### YOUR ASSIGNMENT
The reply is a verbatim copy of the listing below with its images dropped.
***
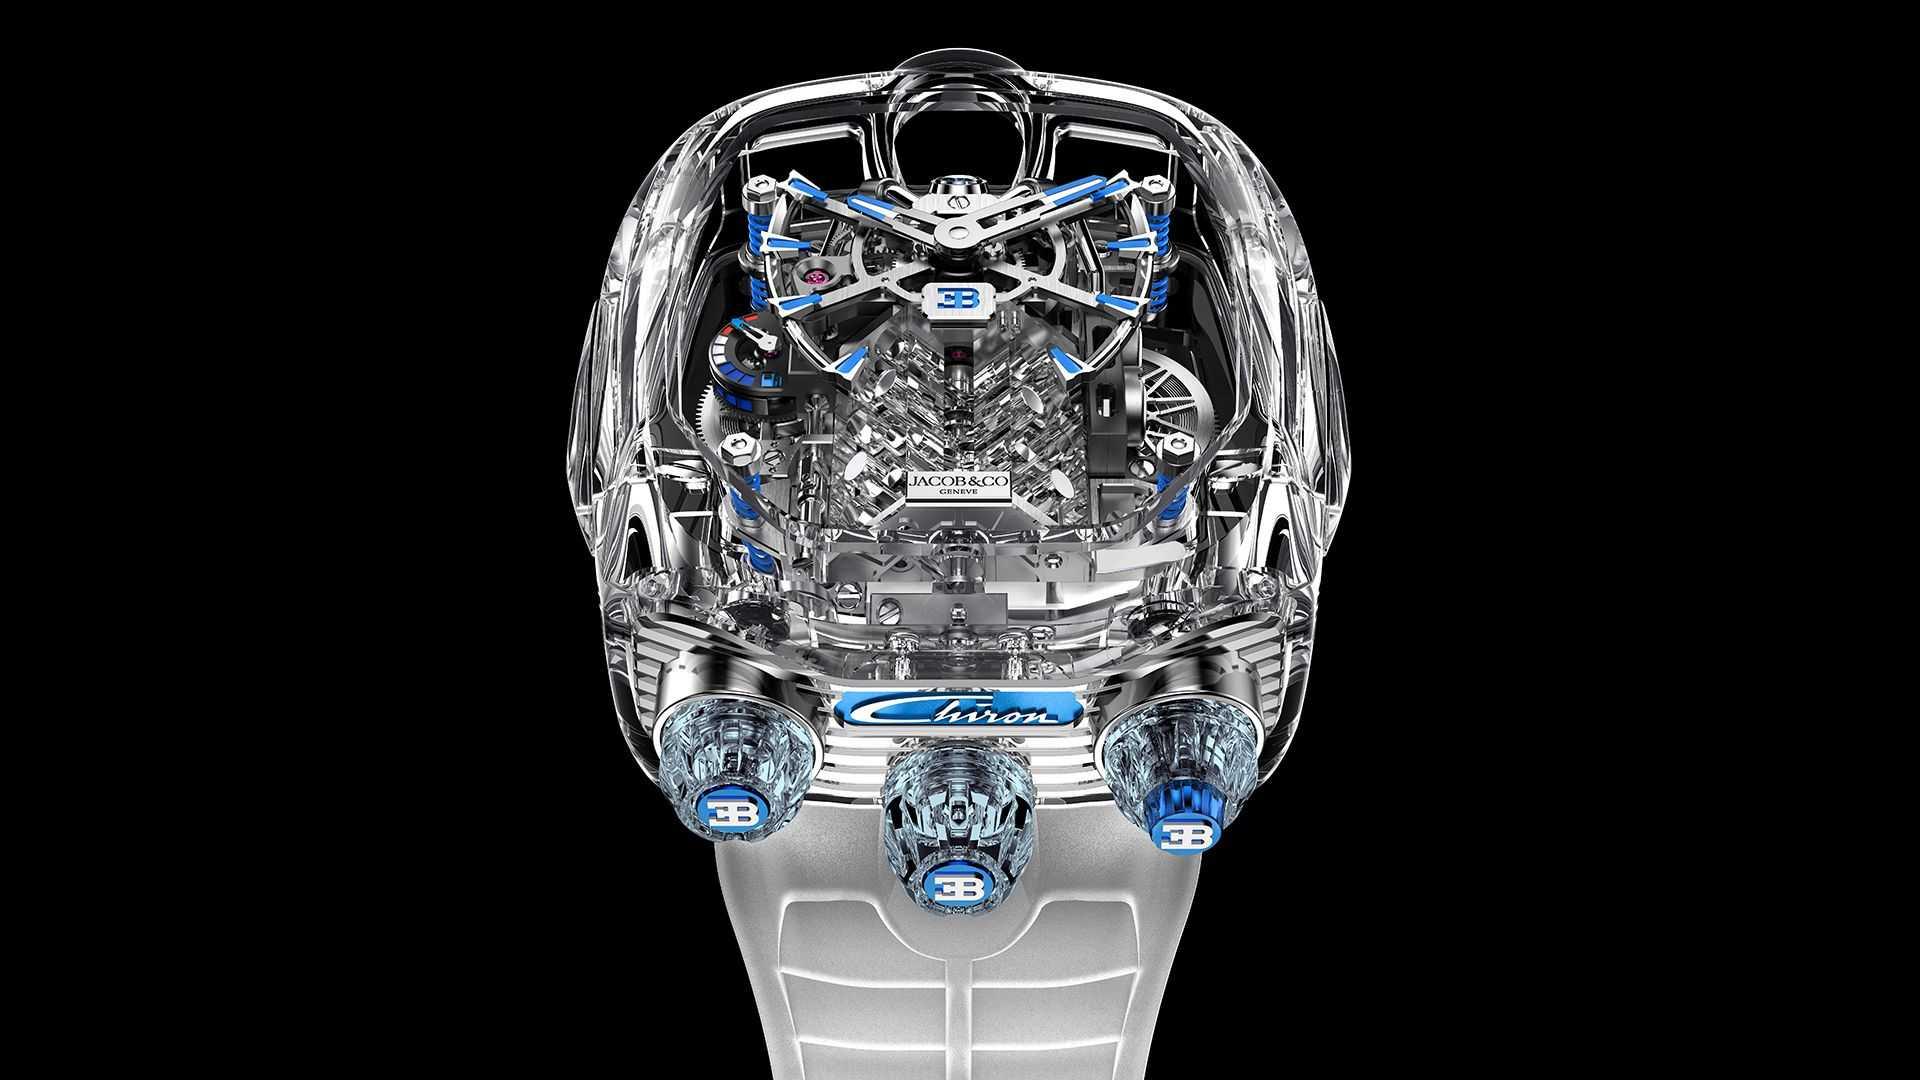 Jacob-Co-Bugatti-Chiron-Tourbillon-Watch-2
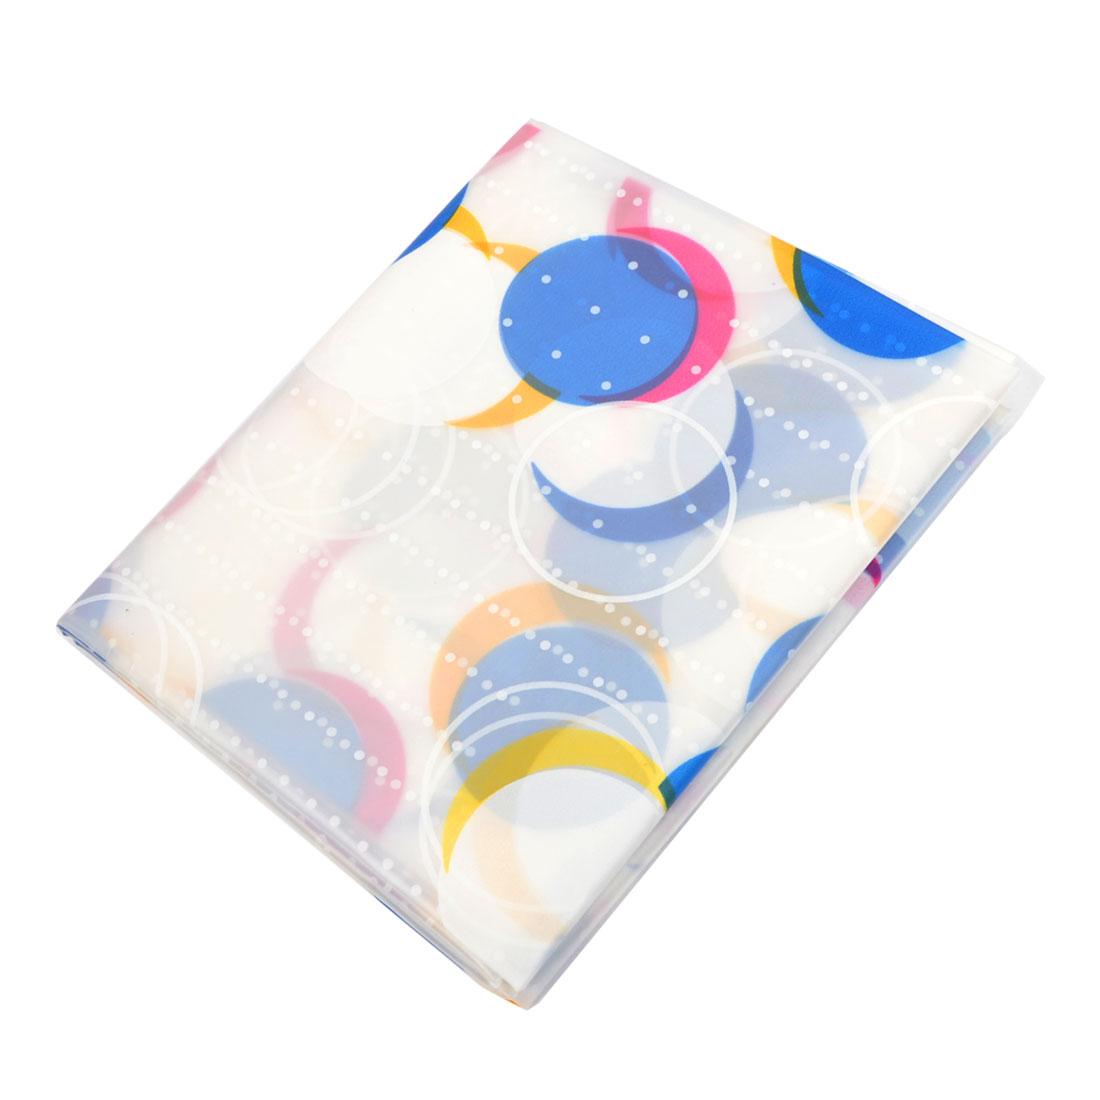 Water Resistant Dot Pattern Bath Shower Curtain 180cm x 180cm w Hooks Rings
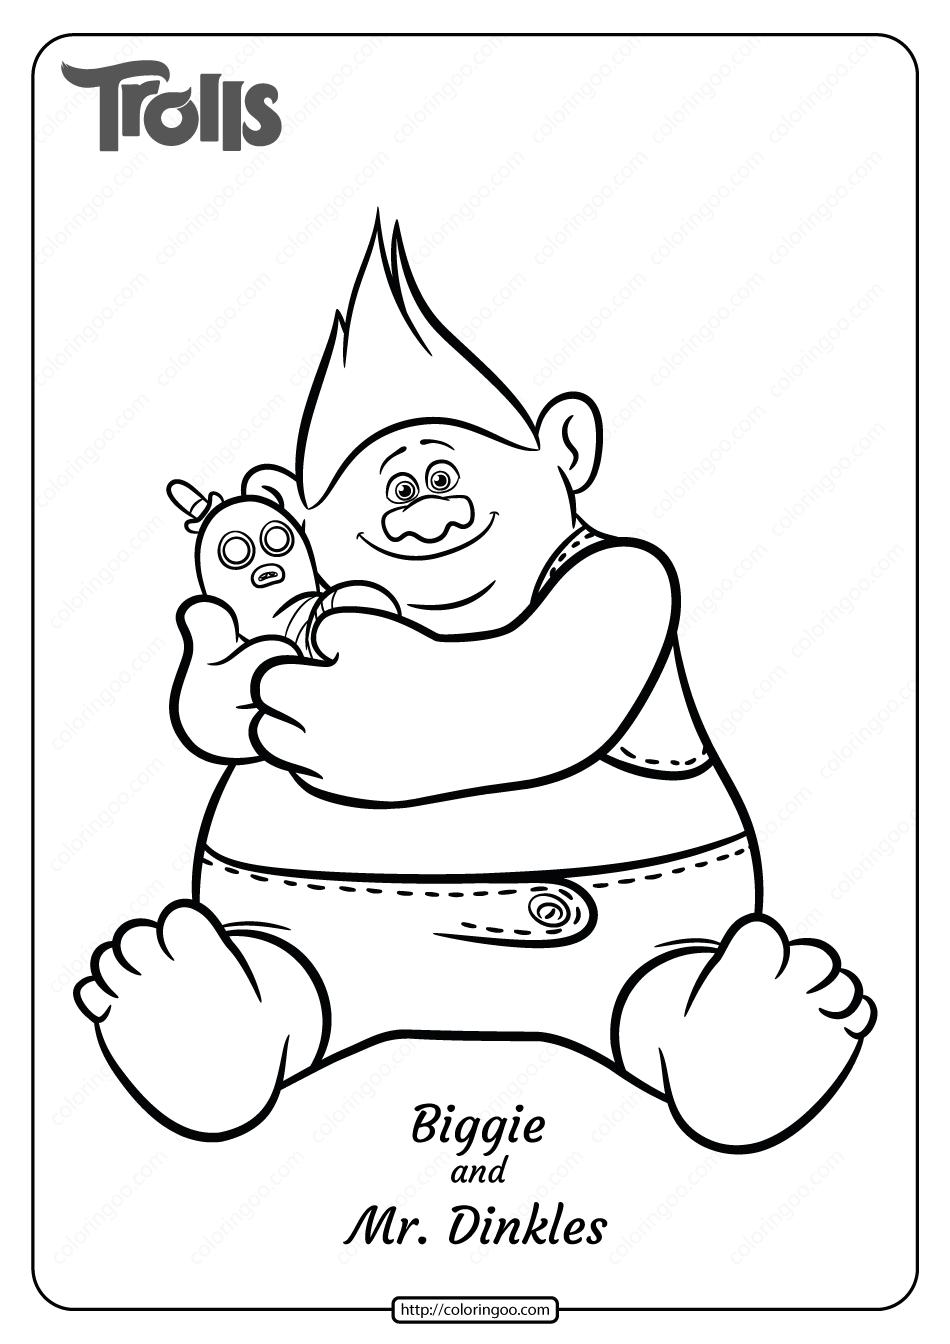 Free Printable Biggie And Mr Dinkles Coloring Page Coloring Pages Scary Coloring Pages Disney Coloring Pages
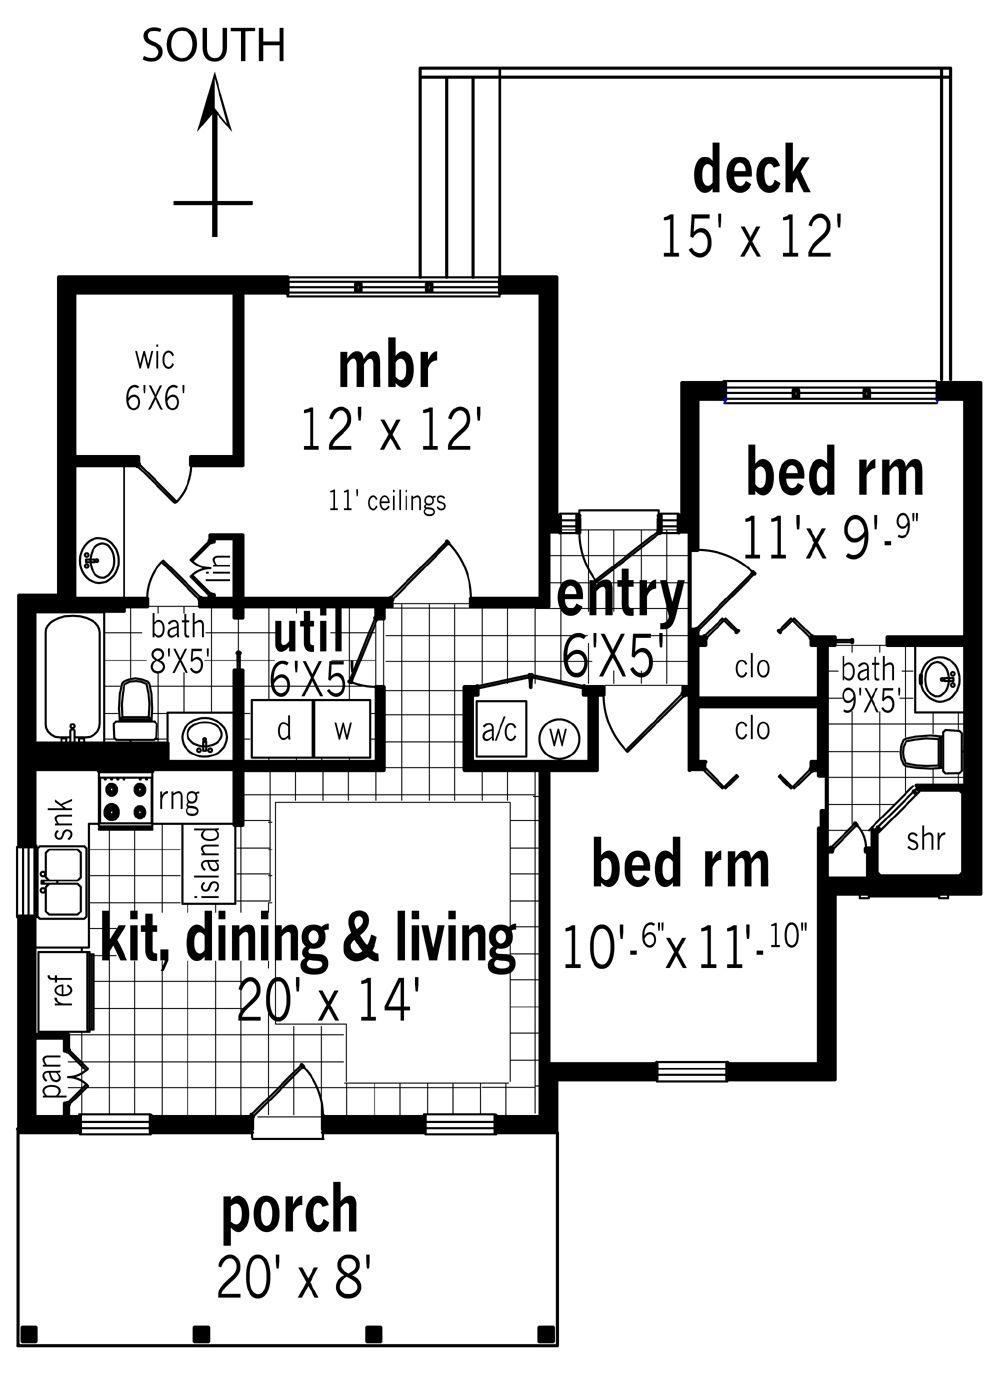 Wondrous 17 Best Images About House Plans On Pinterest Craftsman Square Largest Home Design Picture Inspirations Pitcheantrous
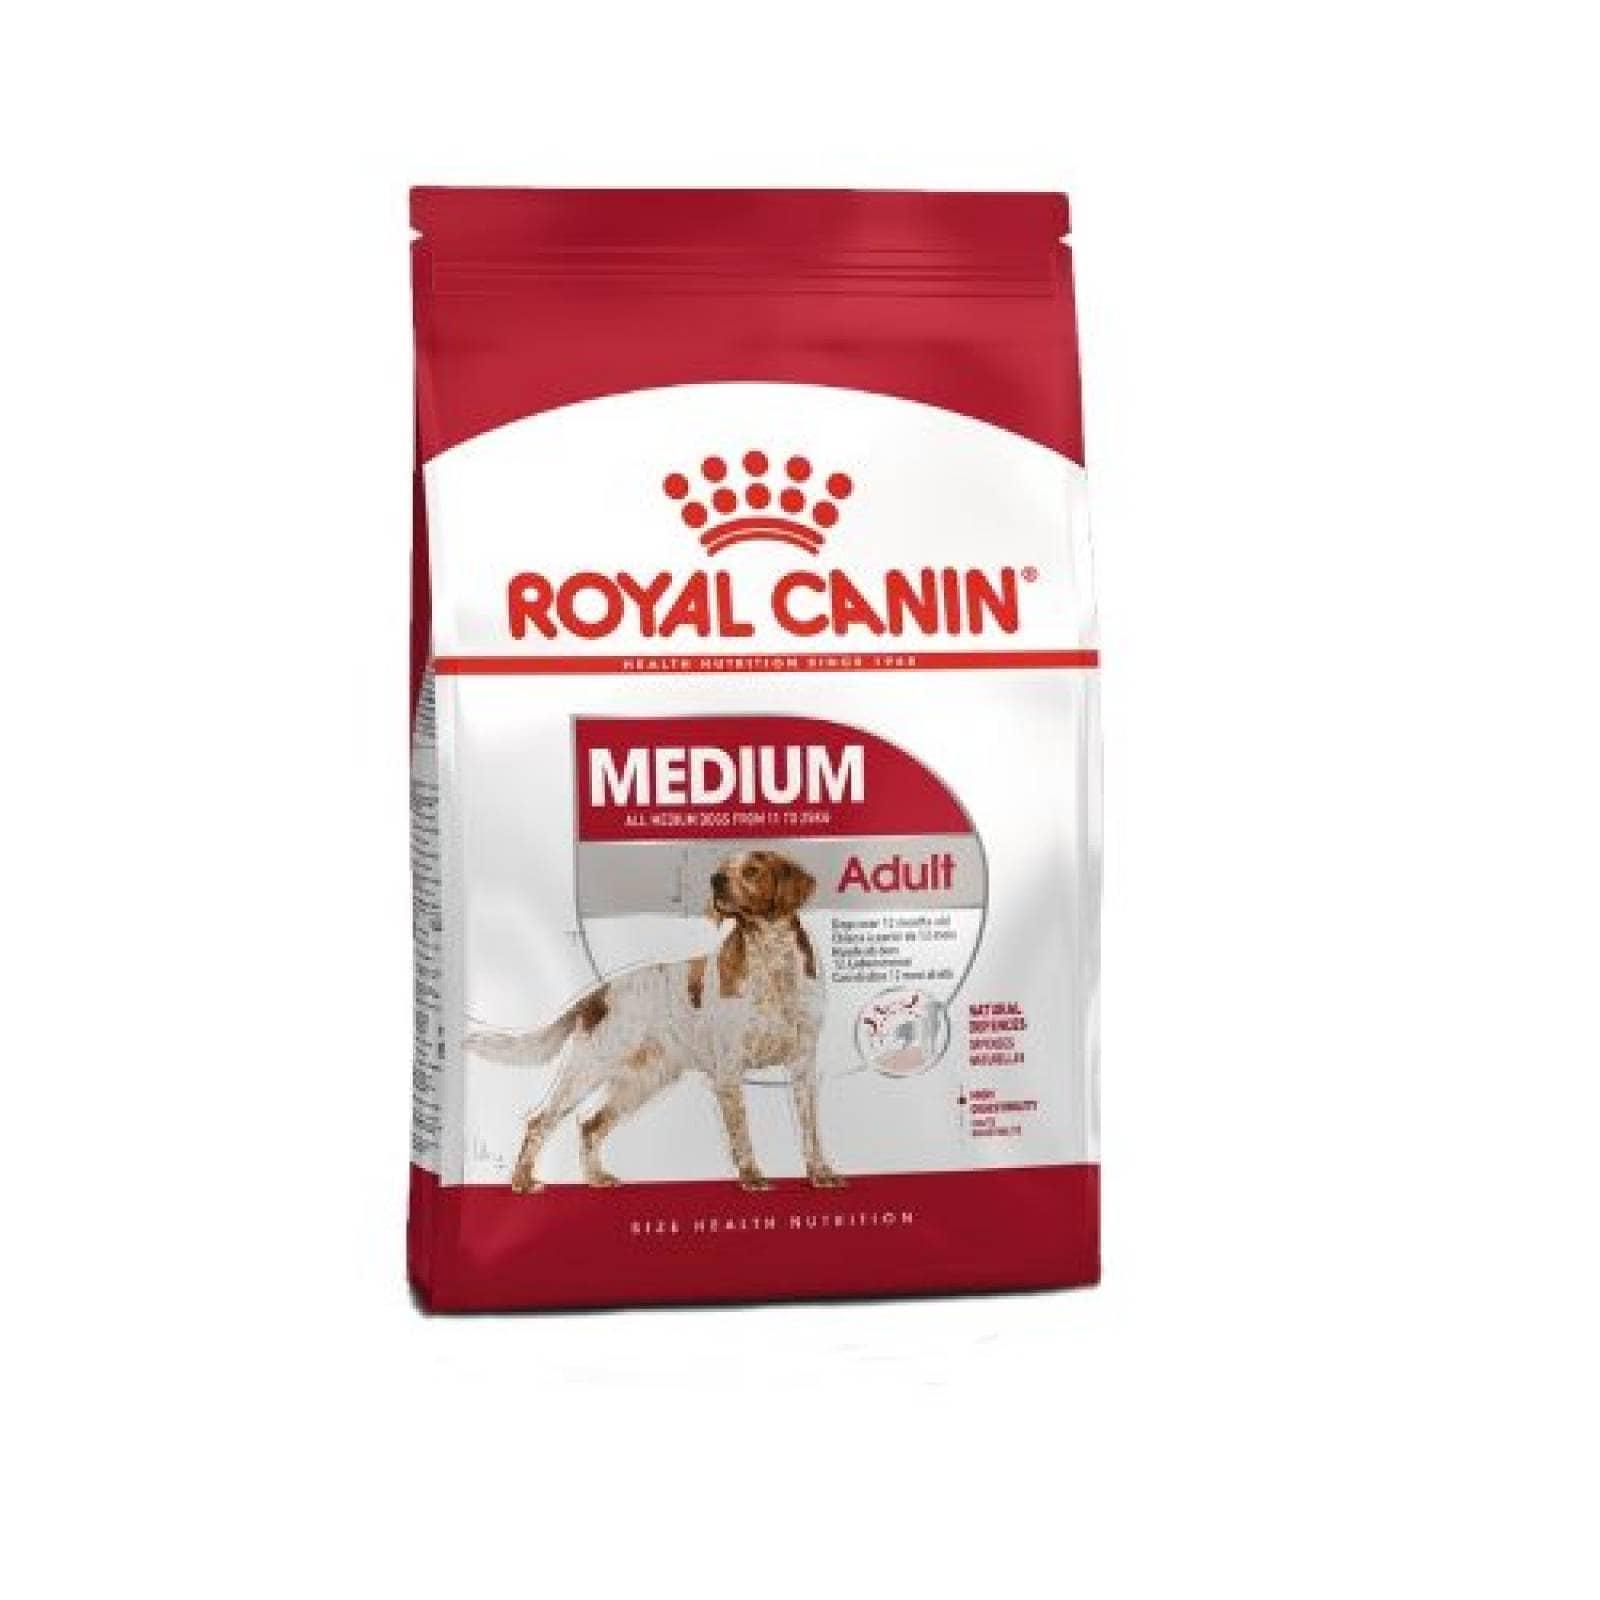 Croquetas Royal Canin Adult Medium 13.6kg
***
### ANSWER FOR THE TASK
 Jacob-Co-Bugatti-Chiron-Tourbillon-Watch-2
 Water Resistant Dot Pattern Bath Shower Curtain 180cm x 180cm w Hooks Rings
 Free Printable Biggie And Mr Dinkles Coloring Page Coloring Pages Scary Coloring Pages Disney Coloring Pages
 Wondrous 17 Best Images About House Plans On Pinterest Craftsman Square Largest Home Design Picture Inspirations Pitcheantrous
 Croquetas Royal Canin Adult Medium 13.6kg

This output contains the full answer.